[Extracted records]

----------------------------------------

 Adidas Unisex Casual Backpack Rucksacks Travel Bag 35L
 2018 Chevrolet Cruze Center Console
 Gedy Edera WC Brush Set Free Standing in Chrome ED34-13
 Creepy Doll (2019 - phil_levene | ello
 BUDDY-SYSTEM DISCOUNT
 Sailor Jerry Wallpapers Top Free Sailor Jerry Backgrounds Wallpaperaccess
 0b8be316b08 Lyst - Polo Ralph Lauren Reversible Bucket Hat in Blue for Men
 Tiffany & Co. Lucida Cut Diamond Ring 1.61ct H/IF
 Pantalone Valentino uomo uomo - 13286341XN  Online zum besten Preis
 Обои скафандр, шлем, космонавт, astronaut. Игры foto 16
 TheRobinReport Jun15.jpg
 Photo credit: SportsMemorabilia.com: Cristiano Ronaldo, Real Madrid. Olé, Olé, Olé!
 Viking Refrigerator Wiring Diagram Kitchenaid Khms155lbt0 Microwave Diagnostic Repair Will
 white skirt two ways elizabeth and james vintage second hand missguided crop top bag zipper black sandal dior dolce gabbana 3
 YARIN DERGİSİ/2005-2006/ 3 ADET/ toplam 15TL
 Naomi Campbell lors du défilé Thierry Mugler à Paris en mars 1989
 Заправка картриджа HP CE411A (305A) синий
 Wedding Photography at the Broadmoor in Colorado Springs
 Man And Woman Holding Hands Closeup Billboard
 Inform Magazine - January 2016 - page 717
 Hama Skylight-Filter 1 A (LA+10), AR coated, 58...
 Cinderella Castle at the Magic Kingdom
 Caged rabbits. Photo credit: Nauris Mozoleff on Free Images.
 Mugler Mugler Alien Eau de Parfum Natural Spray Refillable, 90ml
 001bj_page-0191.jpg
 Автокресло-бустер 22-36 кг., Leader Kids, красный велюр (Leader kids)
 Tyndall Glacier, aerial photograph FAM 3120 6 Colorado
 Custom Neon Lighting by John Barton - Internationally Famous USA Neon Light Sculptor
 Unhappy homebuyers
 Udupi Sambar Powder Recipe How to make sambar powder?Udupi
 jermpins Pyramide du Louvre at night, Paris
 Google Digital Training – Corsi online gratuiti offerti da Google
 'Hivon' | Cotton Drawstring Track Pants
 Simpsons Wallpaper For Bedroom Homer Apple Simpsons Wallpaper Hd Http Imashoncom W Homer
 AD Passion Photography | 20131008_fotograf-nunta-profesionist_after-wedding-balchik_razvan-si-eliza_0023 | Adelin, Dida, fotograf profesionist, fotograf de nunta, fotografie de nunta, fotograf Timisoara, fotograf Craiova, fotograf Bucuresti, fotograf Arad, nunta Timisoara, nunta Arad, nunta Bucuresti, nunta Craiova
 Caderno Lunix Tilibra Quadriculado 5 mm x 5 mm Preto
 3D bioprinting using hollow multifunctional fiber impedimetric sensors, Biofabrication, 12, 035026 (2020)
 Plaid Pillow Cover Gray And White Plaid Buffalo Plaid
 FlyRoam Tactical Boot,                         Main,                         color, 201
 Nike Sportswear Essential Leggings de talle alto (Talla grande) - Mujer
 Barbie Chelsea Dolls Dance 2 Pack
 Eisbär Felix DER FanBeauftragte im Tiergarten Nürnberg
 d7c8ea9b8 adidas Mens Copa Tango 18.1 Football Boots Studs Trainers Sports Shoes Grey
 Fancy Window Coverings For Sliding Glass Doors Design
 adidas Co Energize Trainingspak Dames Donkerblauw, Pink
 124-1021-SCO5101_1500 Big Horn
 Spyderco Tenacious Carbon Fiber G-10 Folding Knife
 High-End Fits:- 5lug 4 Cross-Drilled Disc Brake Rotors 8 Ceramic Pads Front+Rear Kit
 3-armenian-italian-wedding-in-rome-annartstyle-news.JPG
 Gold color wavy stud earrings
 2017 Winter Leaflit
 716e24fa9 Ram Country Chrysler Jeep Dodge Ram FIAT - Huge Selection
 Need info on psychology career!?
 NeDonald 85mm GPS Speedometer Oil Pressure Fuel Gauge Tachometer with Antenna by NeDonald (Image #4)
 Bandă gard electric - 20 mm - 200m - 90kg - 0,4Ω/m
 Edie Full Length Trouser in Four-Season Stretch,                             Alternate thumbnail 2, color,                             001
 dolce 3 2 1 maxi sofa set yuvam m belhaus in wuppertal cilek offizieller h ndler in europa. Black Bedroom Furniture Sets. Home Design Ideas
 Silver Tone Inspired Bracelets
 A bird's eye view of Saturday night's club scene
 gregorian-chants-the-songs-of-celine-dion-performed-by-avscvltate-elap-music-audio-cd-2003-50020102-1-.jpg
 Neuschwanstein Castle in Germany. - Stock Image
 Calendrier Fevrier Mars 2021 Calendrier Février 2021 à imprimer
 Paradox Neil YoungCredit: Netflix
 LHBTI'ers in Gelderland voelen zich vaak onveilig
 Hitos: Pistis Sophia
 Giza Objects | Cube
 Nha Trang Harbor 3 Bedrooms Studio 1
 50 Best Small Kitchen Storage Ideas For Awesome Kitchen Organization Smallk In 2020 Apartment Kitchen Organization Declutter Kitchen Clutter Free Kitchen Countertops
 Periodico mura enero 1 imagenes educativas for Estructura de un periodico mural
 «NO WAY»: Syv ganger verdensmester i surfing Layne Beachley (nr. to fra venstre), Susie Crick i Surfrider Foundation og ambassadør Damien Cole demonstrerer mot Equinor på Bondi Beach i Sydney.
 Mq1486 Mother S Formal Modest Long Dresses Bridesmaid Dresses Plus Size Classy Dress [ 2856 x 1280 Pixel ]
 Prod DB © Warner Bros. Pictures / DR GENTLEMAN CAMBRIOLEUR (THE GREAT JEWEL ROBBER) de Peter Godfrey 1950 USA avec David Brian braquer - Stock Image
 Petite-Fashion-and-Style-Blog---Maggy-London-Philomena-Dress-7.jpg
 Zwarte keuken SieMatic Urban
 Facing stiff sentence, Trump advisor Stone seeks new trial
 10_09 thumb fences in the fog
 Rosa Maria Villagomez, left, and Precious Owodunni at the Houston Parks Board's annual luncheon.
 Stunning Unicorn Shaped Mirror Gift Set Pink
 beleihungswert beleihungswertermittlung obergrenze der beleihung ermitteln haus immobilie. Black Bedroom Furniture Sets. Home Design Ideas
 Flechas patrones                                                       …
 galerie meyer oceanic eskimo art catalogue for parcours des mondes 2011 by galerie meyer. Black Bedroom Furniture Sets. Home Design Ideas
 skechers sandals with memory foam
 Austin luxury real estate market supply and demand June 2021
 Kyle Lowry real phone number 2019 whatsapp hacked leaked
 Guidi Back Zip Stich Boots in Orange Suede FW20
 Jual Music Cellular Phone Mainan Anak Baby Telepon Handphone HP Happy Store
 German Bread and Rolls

----------------------------------------

» YOUR ASSIGNMENT: Retype, exactly and in full, the lines above from the one containing "NeDonald 85mm GPS" through the one containing "Silver Tone Inspired Bracelets".

» EXERCISE OUTPUT:
 NeDonald 85mm GPS Speedometer Oil Pressure Fuel Gauge Tachometer with Antenna by NeDonald (Image #4)
 Bandă gard electric - 20 mm - 200m - 90kg - 0,4Ω/m
 Edie Full Length Trouser in Four-Season Stretch,                             Alternate thumbnail 2, color,                             001
 dolce 3 2 1 maxi sofa set yuvam m belhaus in wuppertal cilek offizieller h ndler in europa. Black Bedroom Furniture Sets. Home Design Ideas
 Silver Tone Inspired Bracelets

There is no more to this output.